Balkan Naci İslimyeli presents his most recent exhibition, composed of works produced over the past eighteen months, at Pg Art Gallery between 15 January and 28 February 2002. The exhibition brings together thirty works executed in mixed media.
Advocating that art has always united the territories divided by politics, the artist, in this exhibition, integrates the “contrasting” beauties of Anatolia — a geography that has nurtured some of the most significant formations in human history. Values historically defined as “other” within political narratives and layered vertically across time unfold across a horizontal pictorial plane within the artist’s contemporary compositional structure, forming the fragments of a tableau of tolerance.

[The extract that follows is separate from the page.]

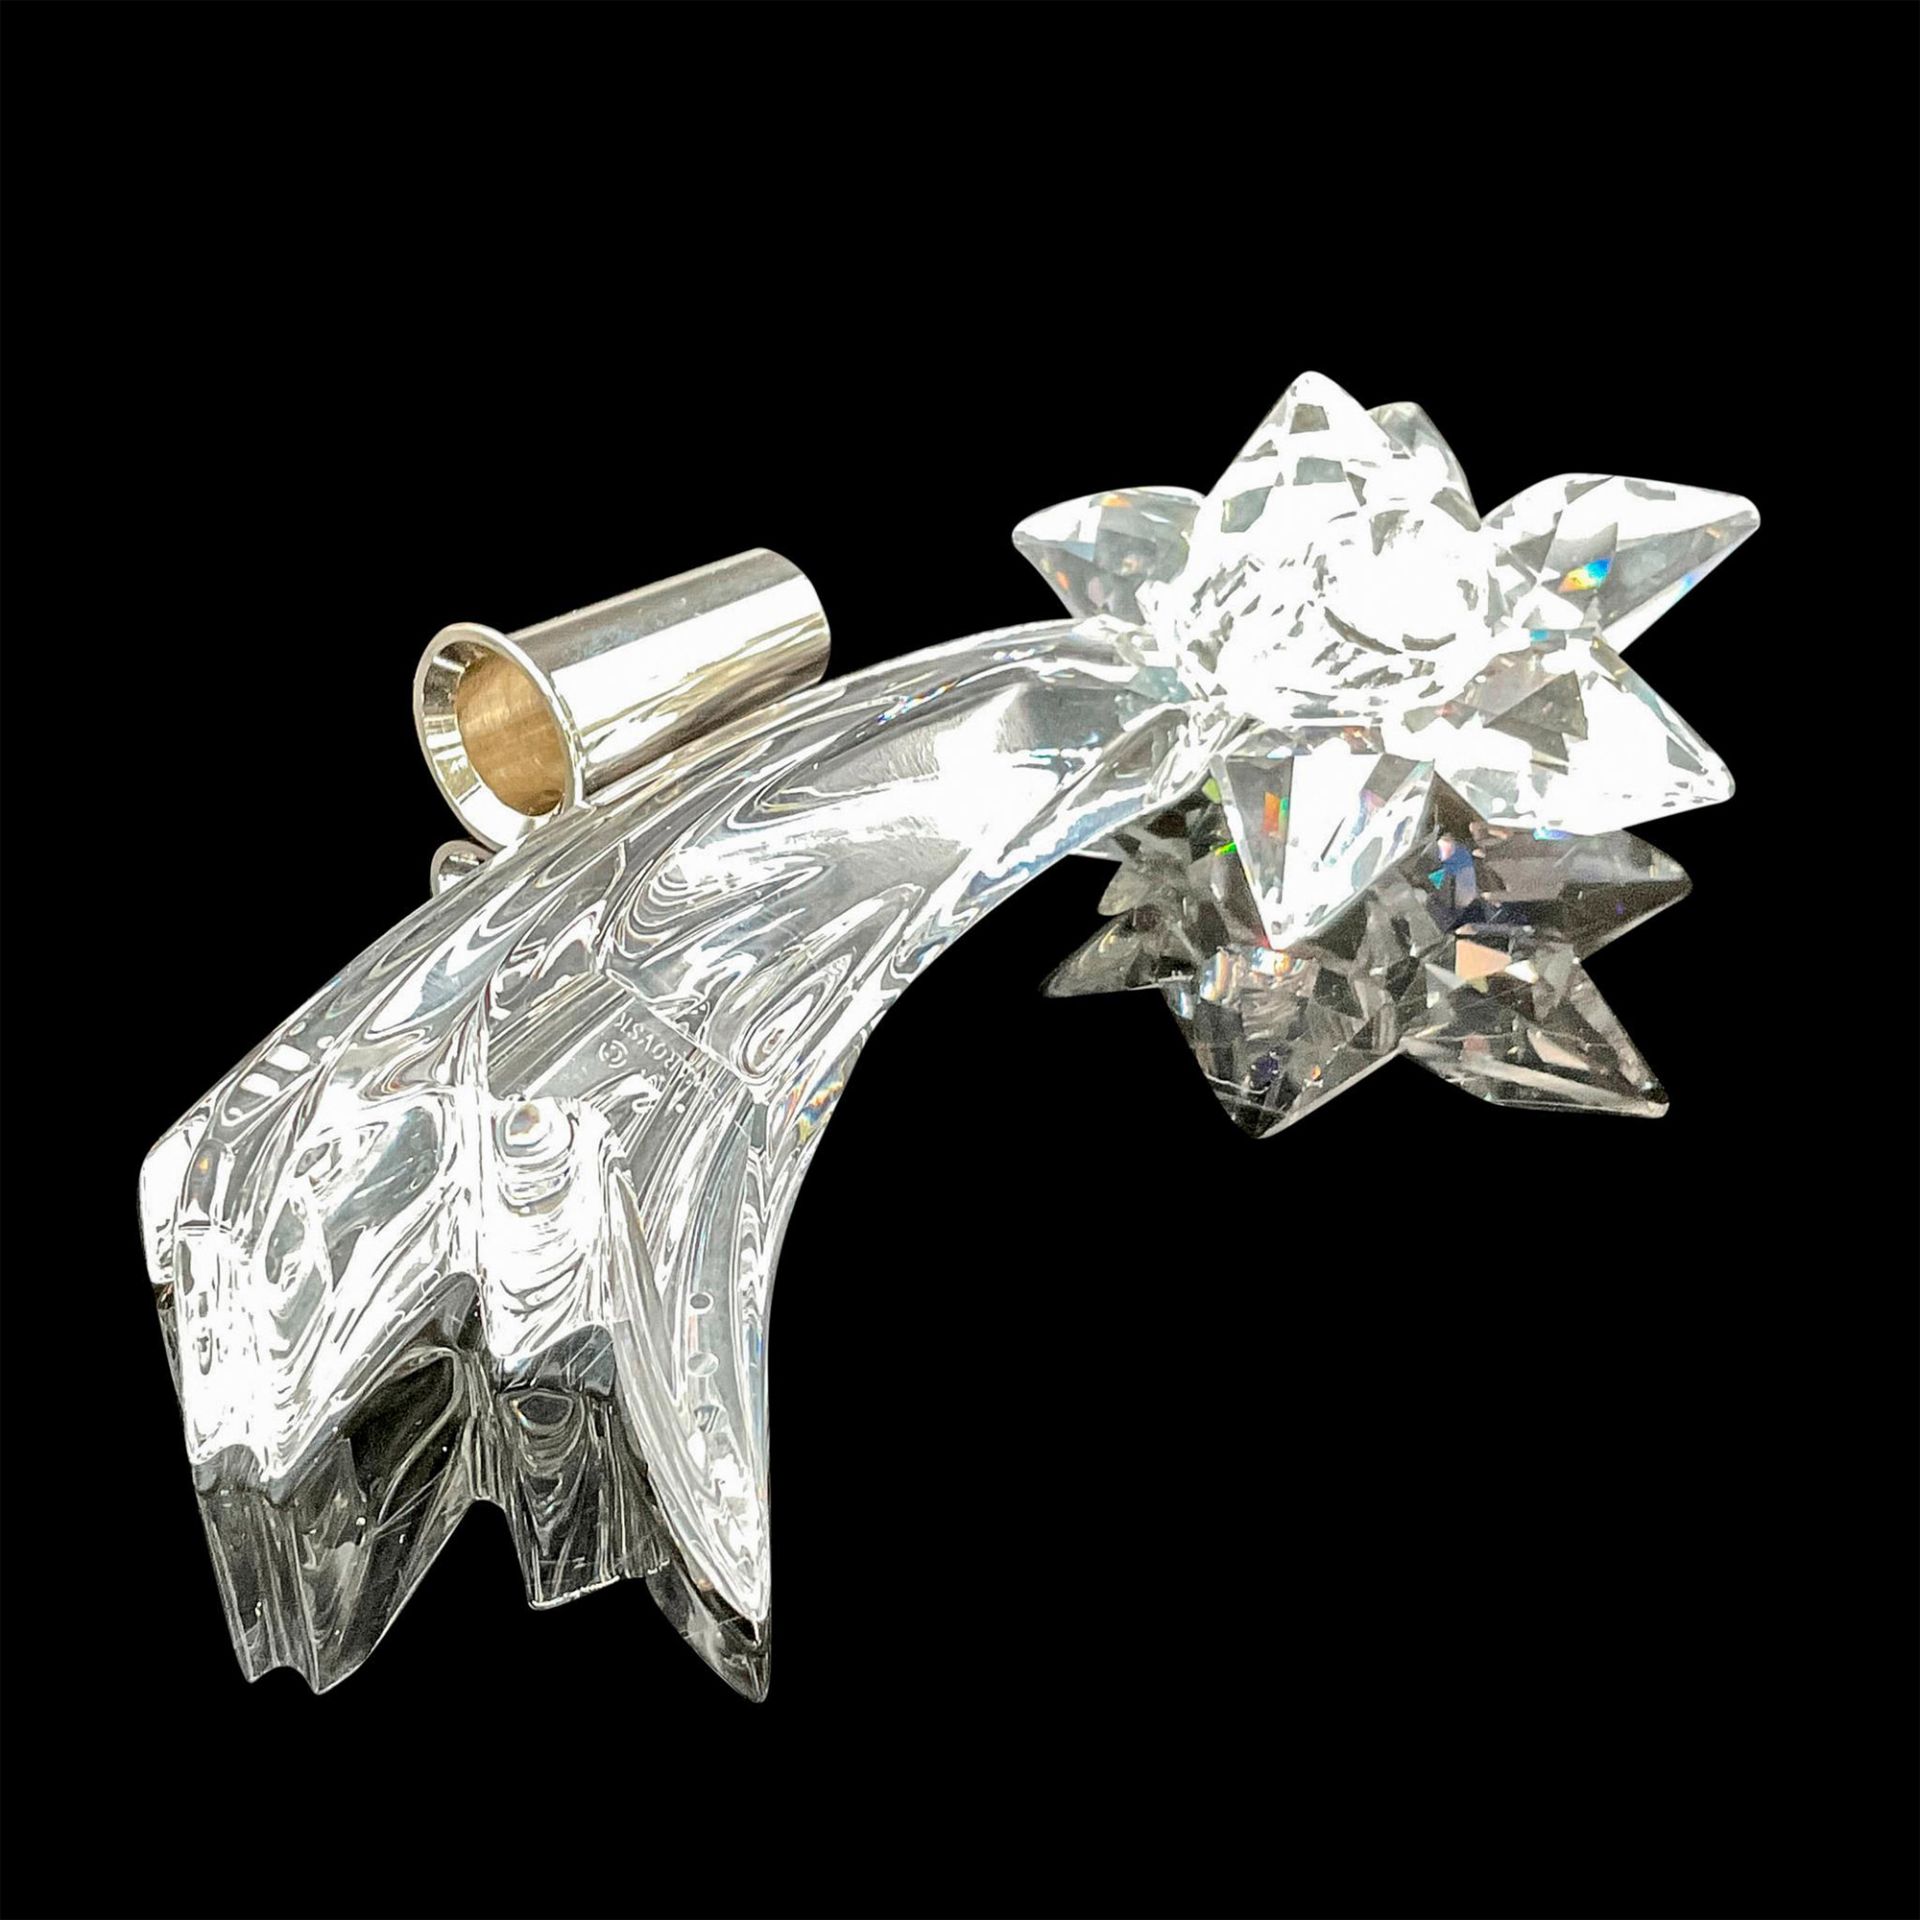 Swarovski Silver Crystal Comet Candleholder - Image 3 of 4

Archetypal forms, myths, and religions created on these lands are re-produced and interconnected to form unified works. Within this new pictorial plane, Anatolian Seljuk motifs merge with the aesthetics of icons; Ottoman talismanic shirts converge with Byzantine auras; and symbols of Turkish folk painting are brought together with Western iconography. Alongside oil paint, acrylic, and photography, materials such as felt, natural dyes, and copper contribute historical and cultural associations to this timeless synthesis.
Even in his most recent works, Balkan Naci İslimyeli places at the center of his practice the translucent density of temporal layers, which he regards as fundamental building blocks in the formation of contemporary consciousness. Emphasizing that the present moment represents the latest point in individual and collective historical awareness, the artist interprets every creative act as an externalization of this consciousness through diverse means and methods.
In this exhibition — the latest destination of Balkan Naci’s figurative language, suspended between memory and dream in the void of our age — not only the timelessness of art is reflected, but also the tragedy of the creative individual born timelessly into their own era.